Correct. Not everything needs to be recorded. But way more needs to be recorded than most people think. The cost of recording something you’ll never need again is a few minutes of writing. The cost of not recording something you’ll need later is hours of re-derivation, or worse, making the same mistake again because you forgot you already learned better.

The failure mode of over-documenting is wasted minutes. The failure mode of under-documenting is wasted days. The asymmetry is massive.

“This turns life into a performance.”

Only if you’re documenting for an audience. If you’re documenting for yourself, in a private system, there’s no performance. There’s no audience to perform for. This objection conflates documentation with content creation (again). They’re not the same thing.

“I tried journaling once and stopped after two weeks.”

Journaling is a specific, emotionally-oriented practice that doesn’t resonate with everyone. Documentation is broader and more utilitarian. If journaling didn’t stick, try work logs. If work logs feel tedious, try TIL entries. If TIL entries feel too small, try project retrospectives. The practice has to match your personality and your work. But “I tried one specific form of documentation and it didn’t work” is not evidence that documentation as a category doesn’t work.

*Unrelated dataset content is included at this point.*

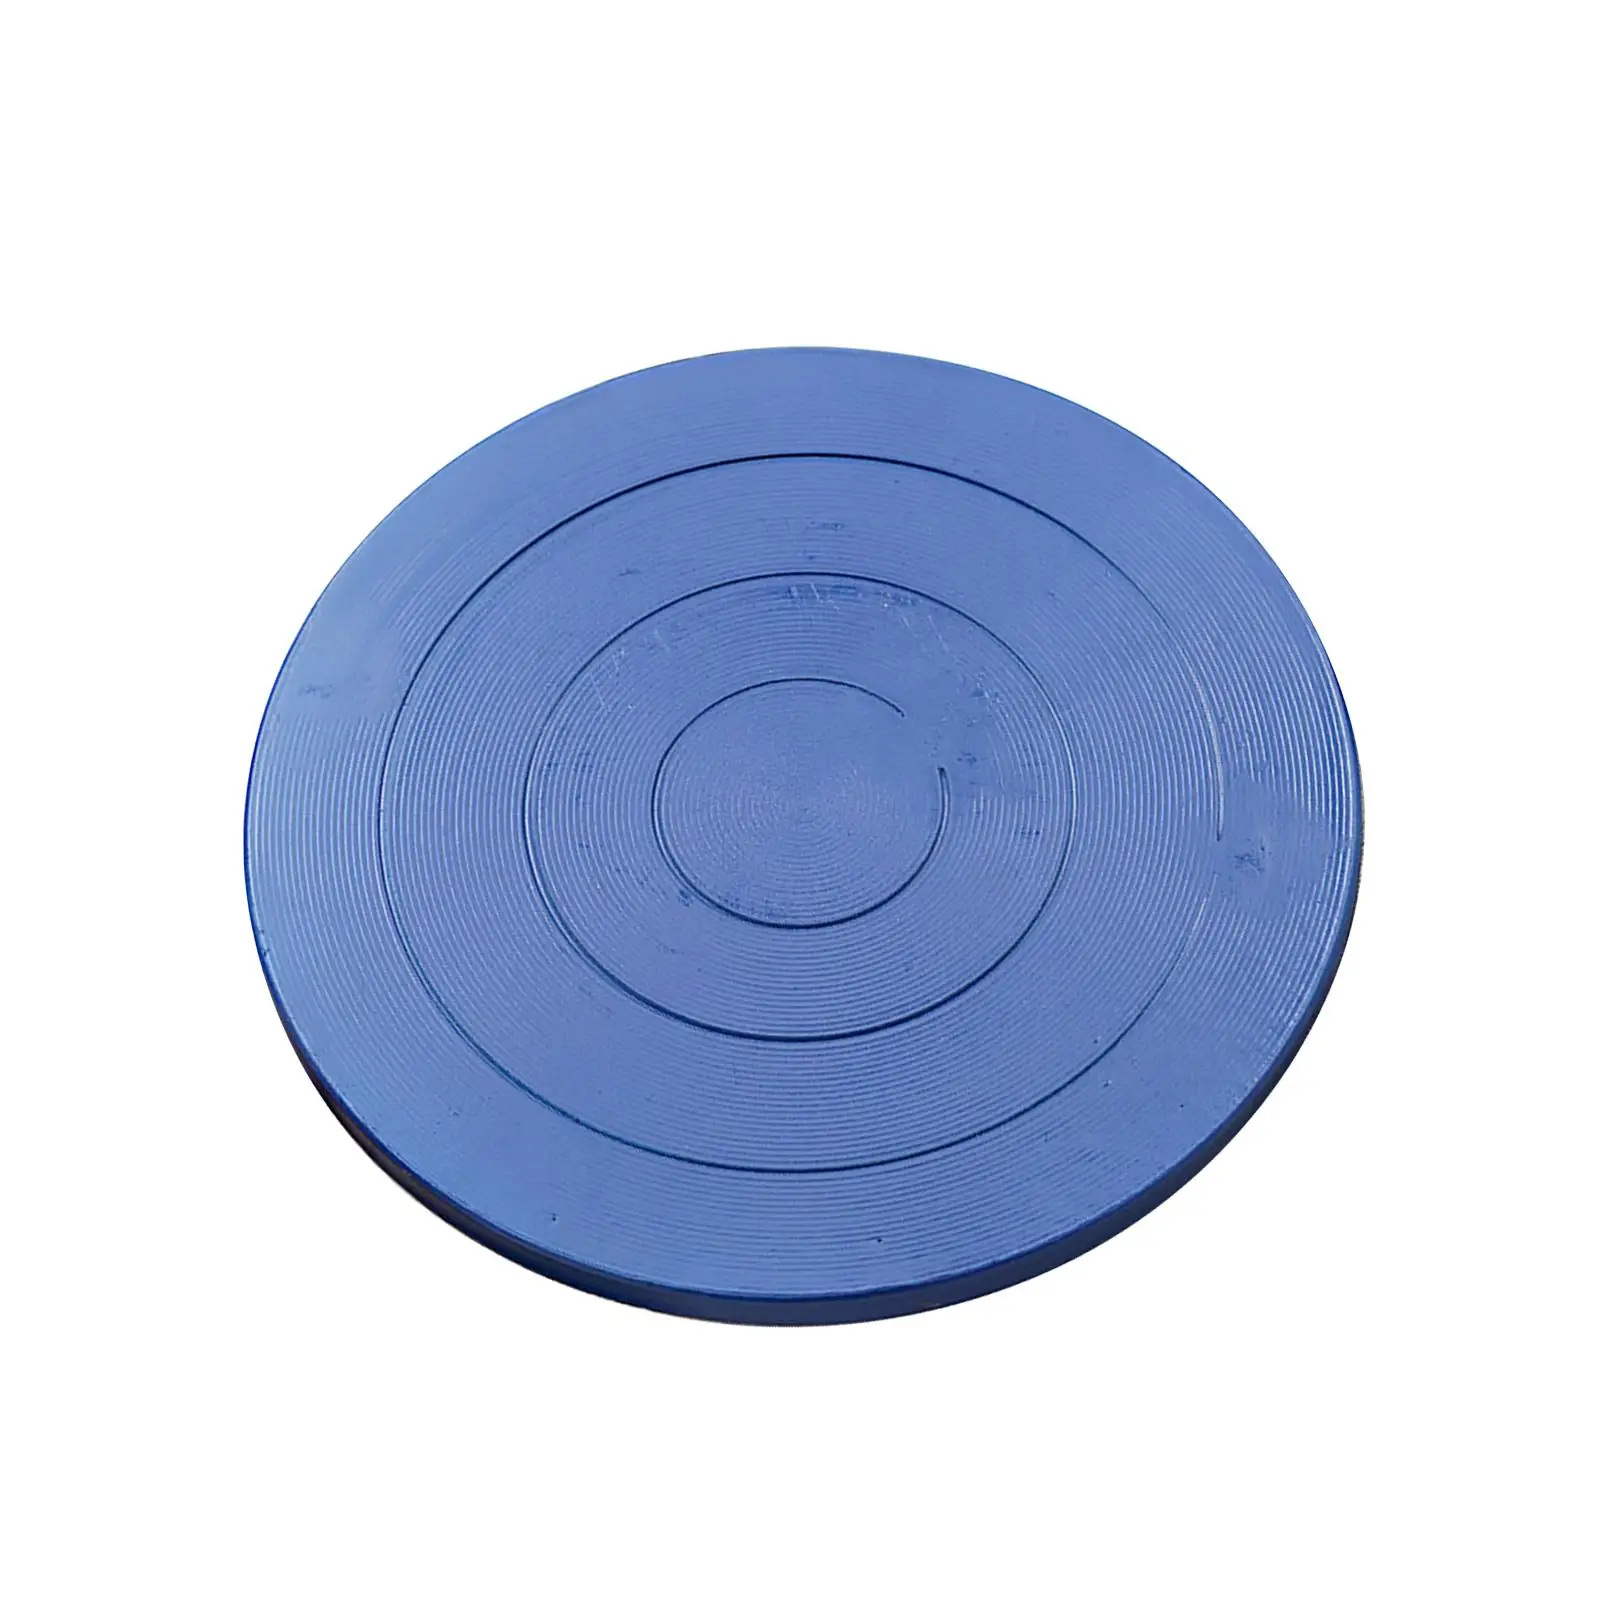 Pottery Turntable Wheel for Sculpting Pottery Decorating Banding Wheel Cast Iron Pottery Wheel Double Side Revolving Cake Stand

XII. Start today. Not tomorrow. Today.

Here’s what I want you to do right now. Not after you finish reading this. Not after you’ve evaluated twelve tools. Not after you’ve designed the perfect system. Right now.

Open a text file. Name it worklog.md. Write today’s date. Write one sentence about what you worked on today. Save it.

That’s it. That’s the whole first step.

## 2026-02-14

Worked on the checkout flow redesign. Spent most of the afternoon
debugging a state management issue where the cart was clearing
itself on page navigation.

Tomorrow, open the same file. Add another entry. The day after, another. Don’t worry about organization. Don’t worry about tags. Don’t worry about whether you should use Obsidian or Logseq or Notion. Just write, in a file, what you did and what you learned.

After a week, you’ll have seven entries. You’ll look at them and think “huh, that’s a useful record.” After a month, you’ll search the file for the first time and find something you’d already half-forgotten. After three months, you’ll start relying on it. After a year, you’ll wonder how you ever functioned without it.

The best time to start documenting your life was ten years ago. The second best time is today.

Every day you wait is another day of experience, learning, and thinking that gets fed into the exponential decay function of human memory and never comes back. The cure costs 15 minutes a day. The disease costs you everything you’ve ever learned and done, slowly, silently, permanently.

Start the file. Write the entry. Begin.